SOURCE DATA
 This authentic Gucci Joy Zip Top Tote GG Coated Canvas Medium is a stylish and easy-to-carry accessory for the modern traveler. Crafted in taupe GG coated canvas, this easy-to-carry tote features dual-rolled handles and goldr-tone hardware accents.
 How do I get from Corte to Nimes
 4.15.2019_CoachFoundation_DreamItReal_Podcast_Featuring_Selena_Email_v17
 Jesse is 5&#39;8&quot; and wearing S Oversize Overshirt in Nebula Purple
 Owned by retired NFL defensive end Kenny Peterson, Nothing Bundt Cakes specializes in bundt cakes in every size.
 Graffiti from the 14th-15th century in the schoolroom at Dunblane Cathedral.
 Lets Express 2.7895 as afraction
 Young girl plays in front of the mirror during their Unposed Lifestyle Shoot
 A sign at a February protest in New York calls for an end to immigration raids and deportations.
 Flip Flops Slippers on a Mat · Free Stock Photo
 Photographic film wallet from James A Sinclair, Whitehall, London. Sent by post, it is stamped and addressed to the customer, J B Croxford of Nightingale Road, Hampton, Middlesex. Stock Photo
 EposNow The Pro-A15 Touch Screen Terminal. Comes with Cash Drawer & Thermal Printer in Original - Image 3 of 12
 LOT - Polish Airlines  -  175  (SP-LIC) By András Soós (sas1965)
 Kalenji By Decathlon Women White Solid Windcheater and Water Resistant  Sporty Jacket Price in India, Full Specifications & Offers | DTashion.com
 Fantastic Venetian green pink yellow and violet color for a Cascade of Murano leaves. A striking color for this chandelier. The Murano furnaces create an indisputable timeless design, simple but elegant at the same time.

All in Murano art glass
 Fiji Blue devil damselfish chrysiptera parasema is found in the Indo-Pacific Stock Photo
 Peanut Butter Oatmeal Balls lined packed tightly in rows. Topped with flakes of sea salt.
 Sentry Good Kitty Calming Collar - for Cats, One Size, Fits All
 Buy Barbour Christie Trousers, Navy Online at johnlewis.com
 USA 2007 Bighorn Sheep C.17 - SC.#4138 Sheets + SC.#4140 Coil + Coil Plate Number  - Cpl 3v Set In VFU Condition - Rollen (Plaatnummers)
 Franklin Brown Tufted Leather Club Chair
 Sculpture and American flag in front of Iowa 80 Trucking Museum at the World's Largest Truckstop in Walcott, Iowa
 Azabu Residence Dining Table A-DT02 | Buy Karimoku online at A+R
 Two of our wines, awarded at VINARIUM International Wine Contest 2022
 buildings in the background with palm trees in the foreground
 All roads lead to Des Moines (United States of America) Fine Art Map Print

TASK GOAL
Every line of the records that includes the word "with" should be gathered.

YOUR SOLUTION
 EposNow The Pro-A15 Touch Screen Terminal. Comes with Cash Drawer & Thermal Printer in Original - Image 3 of 12
 Peanut Butter Oatmeal Balls lined packed tightly in rows. Topped with flakes of sea salt.
 buildings in the background with palm trees in the foreground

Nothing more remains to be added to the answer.